Simplify Gin Input Validation in Go with ginvalidator
Overview
ginvalidator is a set of Gin middlewares that wraps the extensive collection of validators and sanitizers offered by my other open source package validatorgo. It also uses the popular open-source package gjson for JSON field syntax, providing efficient querying and extraction of data from JSON objects.
It allows you to combine them in many ways so that you can validate and sanitize your Gin requests, and offers tools to determine if the request is valid or not, which data was matched according to your validators.
It is based on the popular js/express library express-validator
Support
This version of ginvalidator requires that your application is running on Go 1.16 .
It's also verified to work with Gin 1.x.x.
Rationale
Why not use?
- Handwritten Validators: You could write your own validation logic manually, but that gets repetitive and messy fast. Every time you need a new validation, you’re writing the same kind of code over and over.
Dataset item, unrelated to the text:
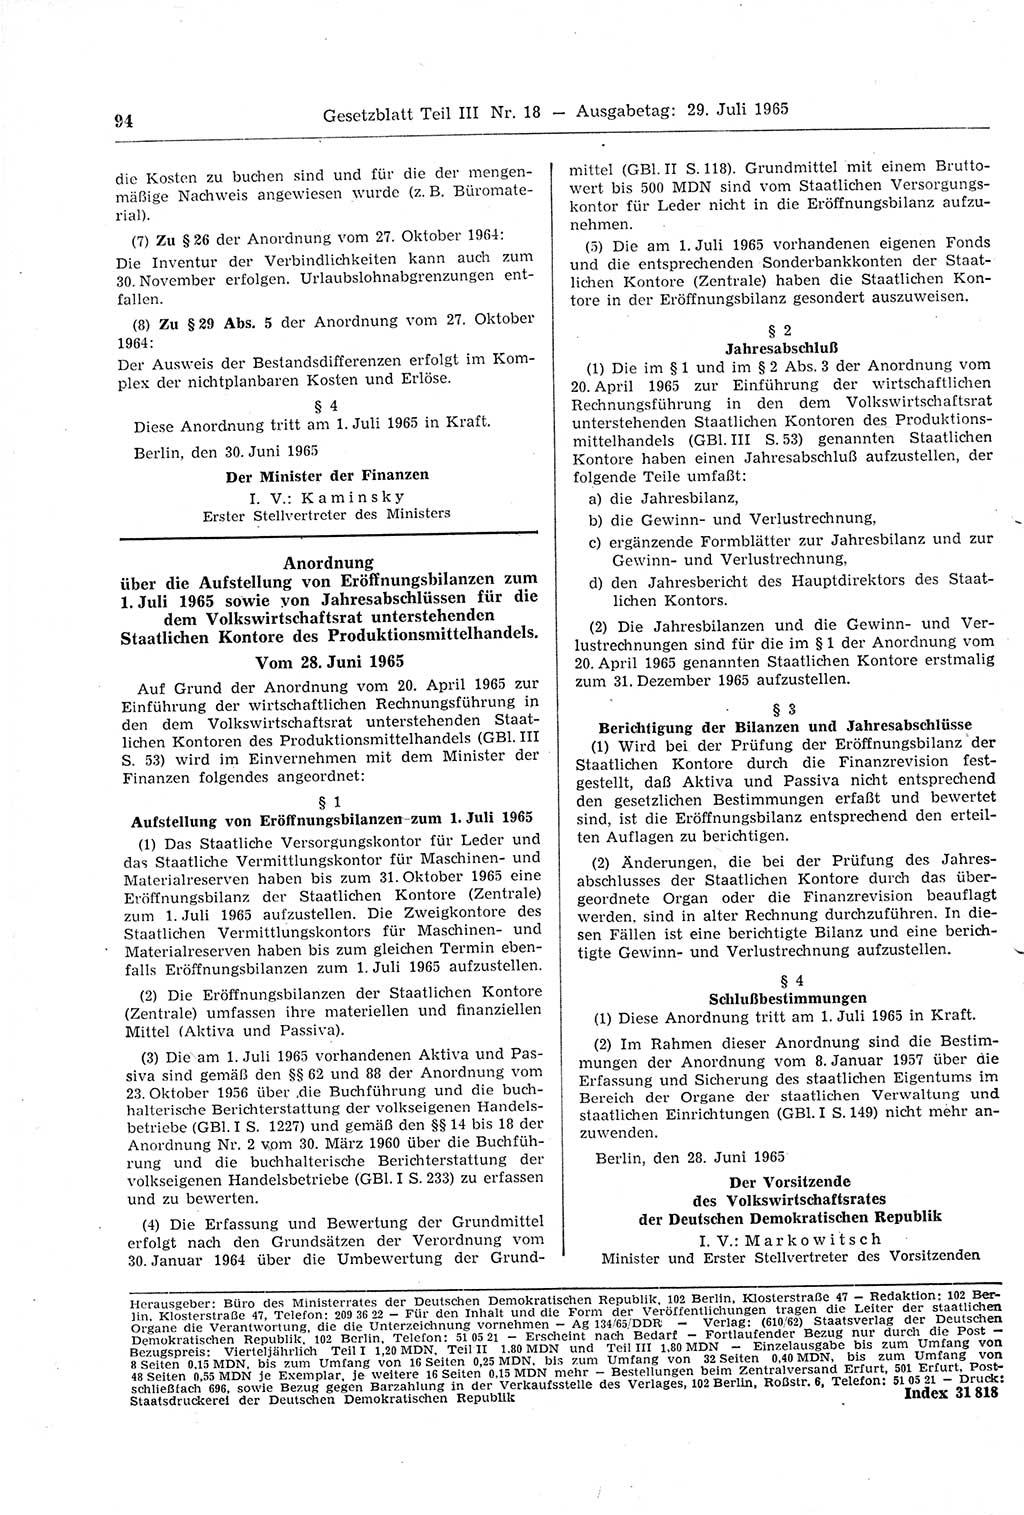 Gesetzblatt (GBl.) der Deutschen Demokratischen Republik (DDR) Teil ⅠⅠⅠ 1965, Seite 94 (GBl. DDR ⅠⅠⅠ 1965, S. 94)

It’s easy to make mistakes, and it’s a pain to maintain.
- Gin's Built-in Model Binding and Validation: Gin has validation built in, but it’s not ideal for everyone. Struct tags are limiting and make your code harder to read, especially when you need complex rules. Plus, the validation gets tied too tightly to your models, which isn't great for flexibility.
- Other Libraries (like Galidator): There are other libraries out there, but they often feel too complex for what they do. They require more setup and work than you’d expect, especially when you just want a simple, straightforward solution for validation.
Installation
Make sure you have Go installed on your machine.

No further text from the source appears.